→ Input data
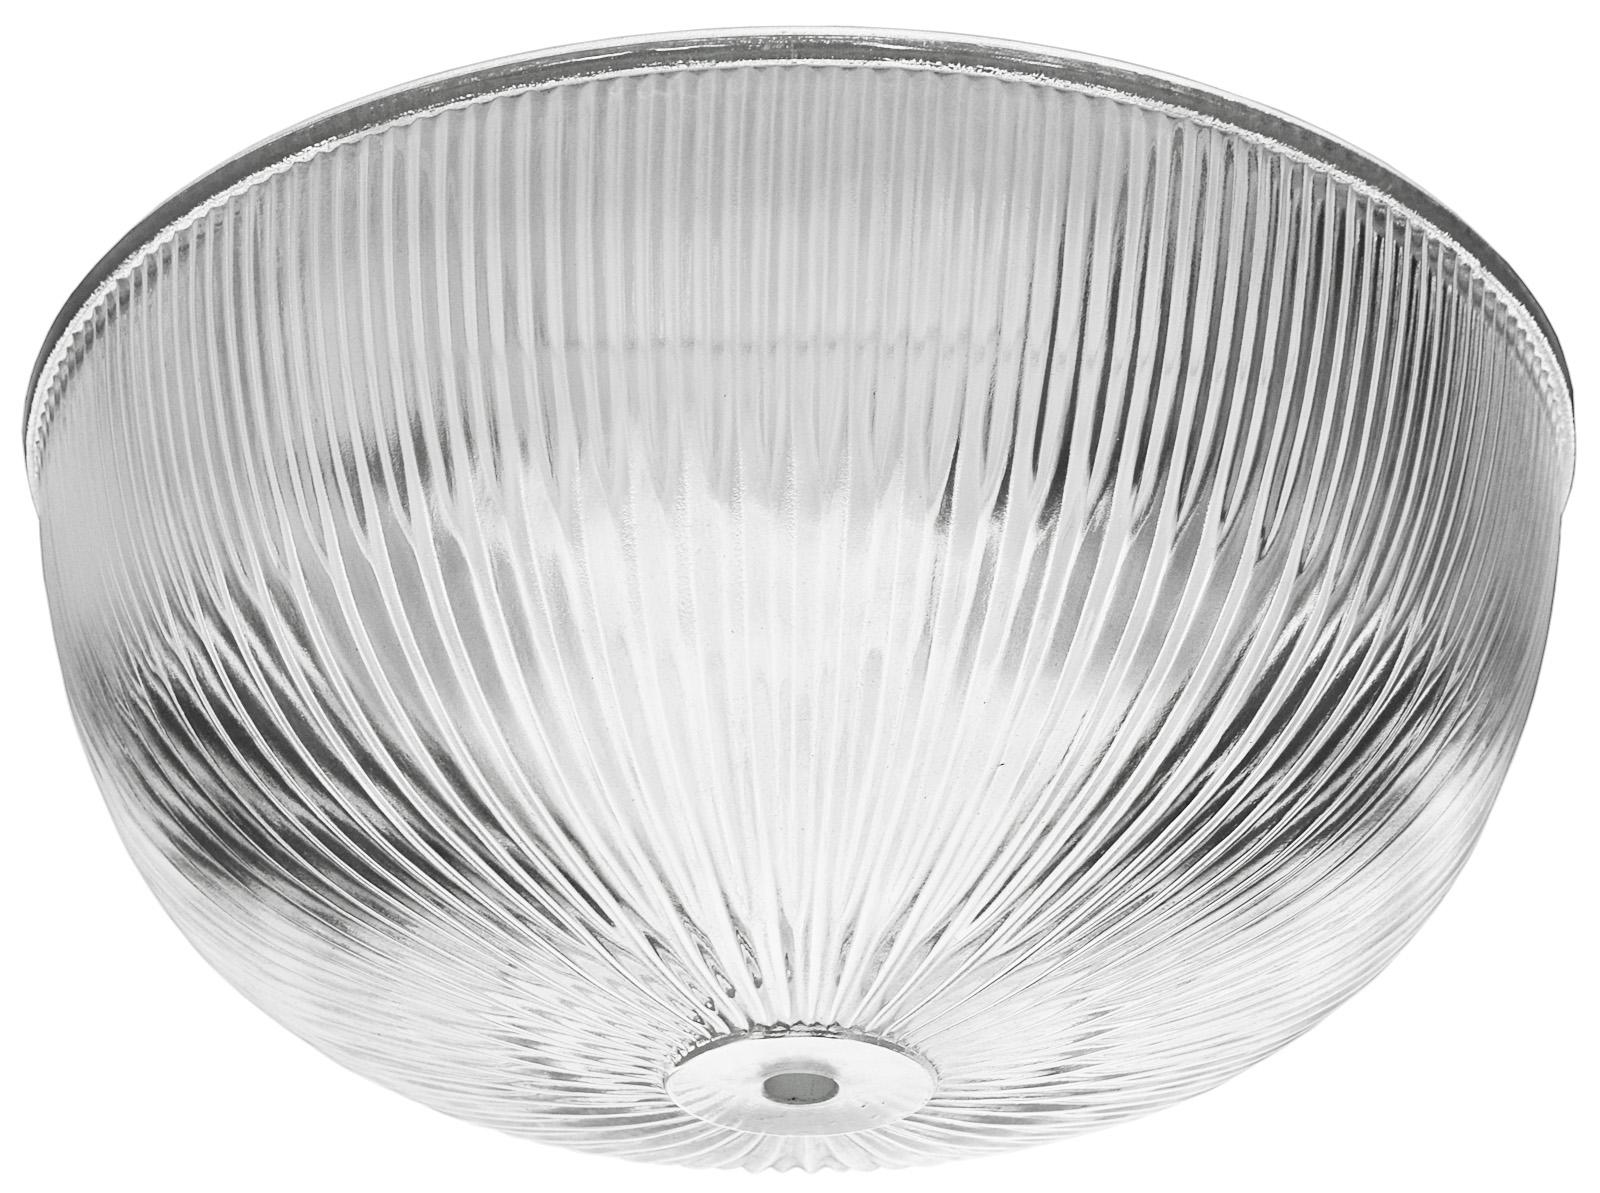 Vintage Recreated Gl Holophane Bowl Shade 0603g
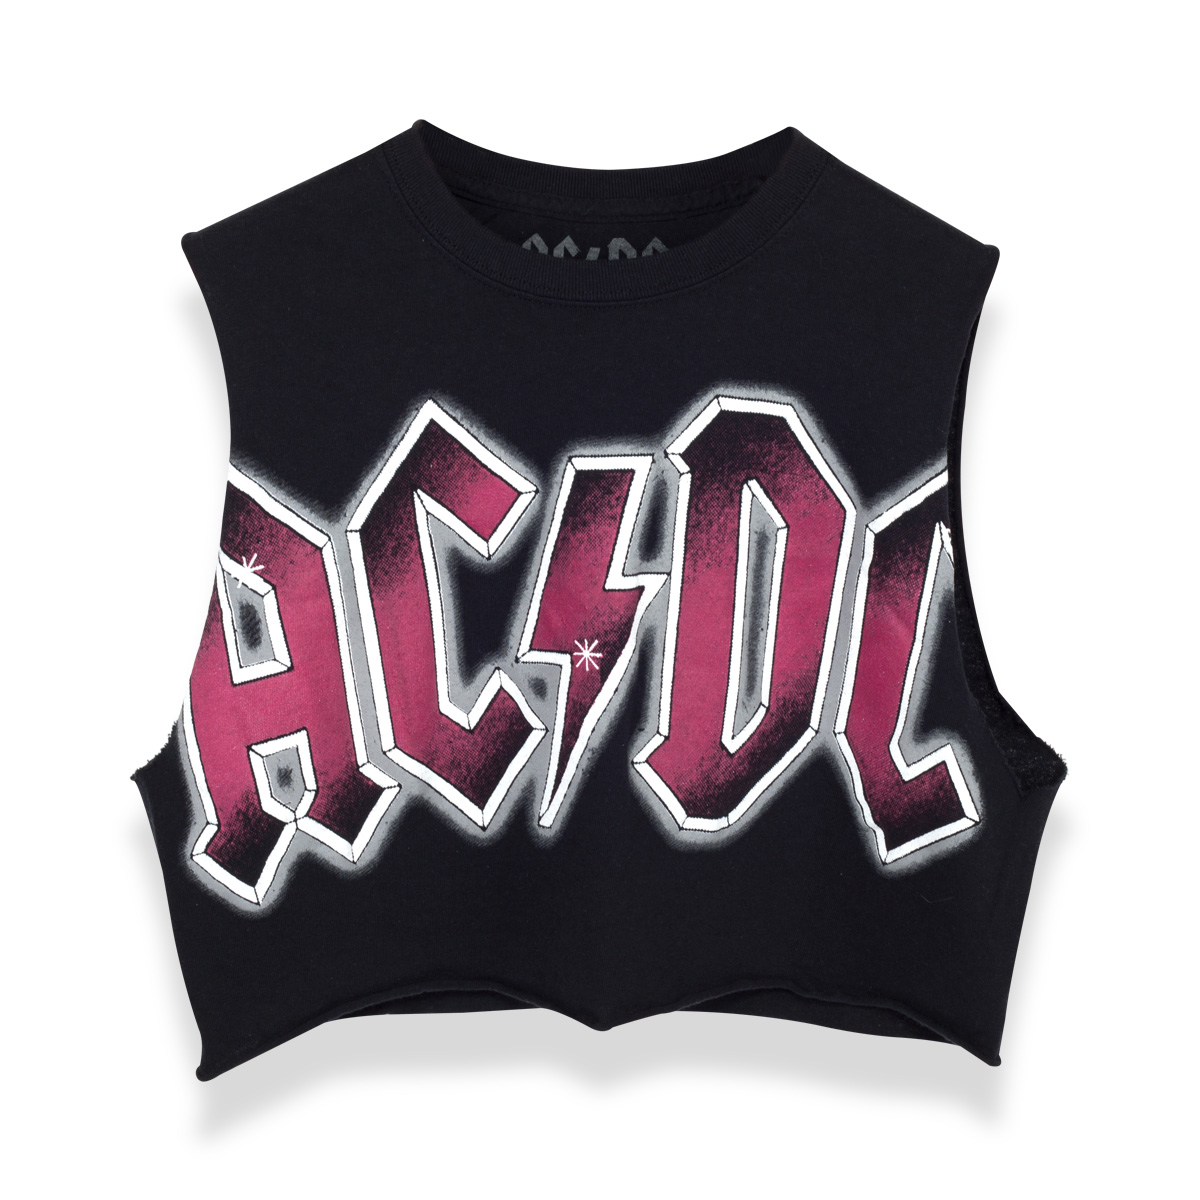 AC/DC Crop Top - Black
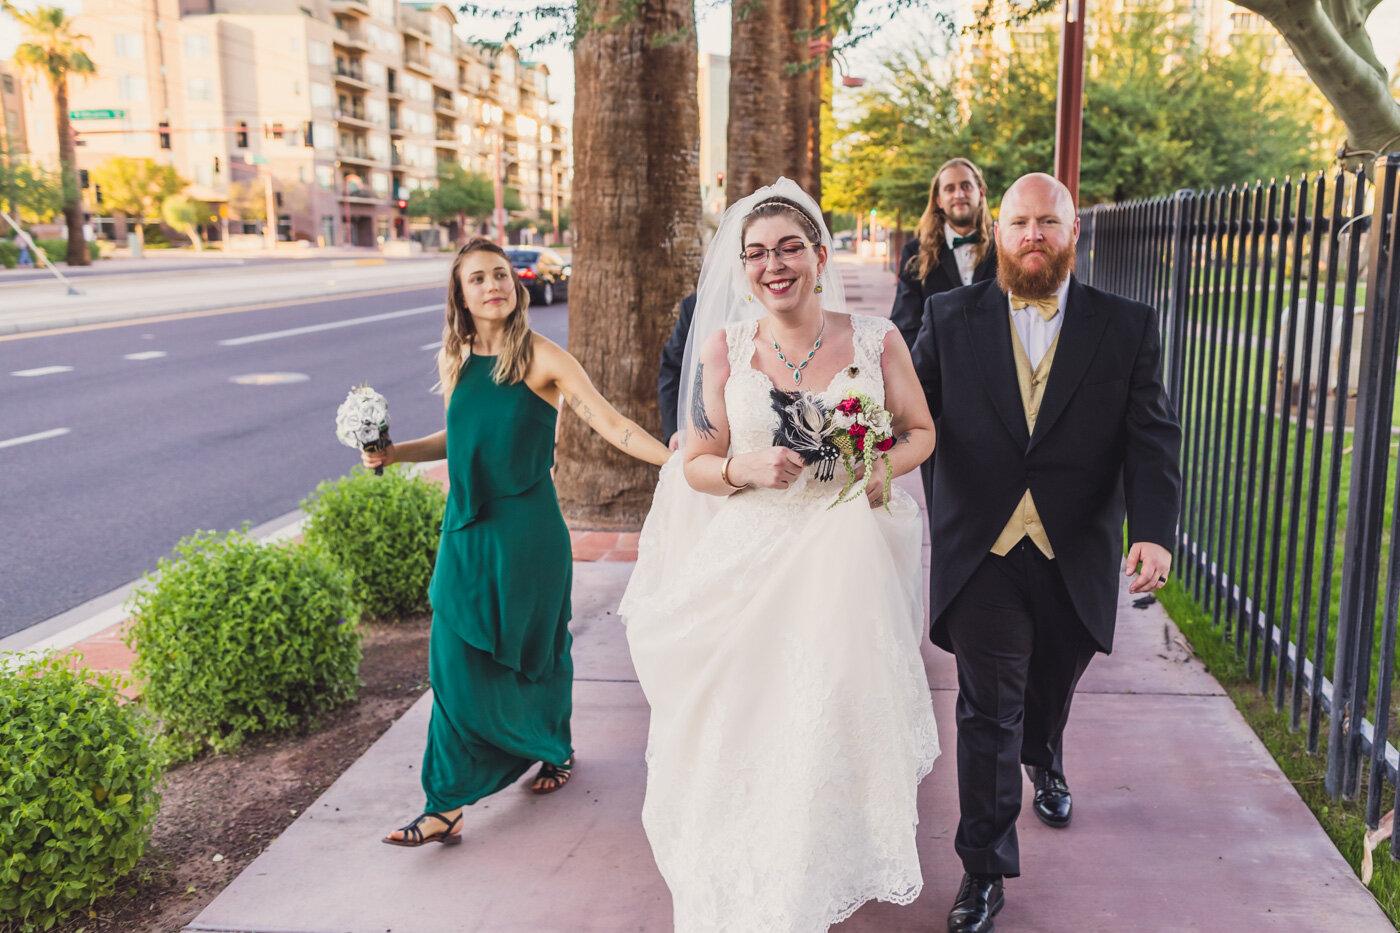 wedding-party-walking-down-phoenix-street

→ Exercise details
Please transcribe the listing above verbatim and exclude every picture.

→ Response area
 Vintage Recreated Gl Holophane Bowl Shade 0603g
 AC/DC Crop Top - Black
 wedding-party-walking-down-phoenix-street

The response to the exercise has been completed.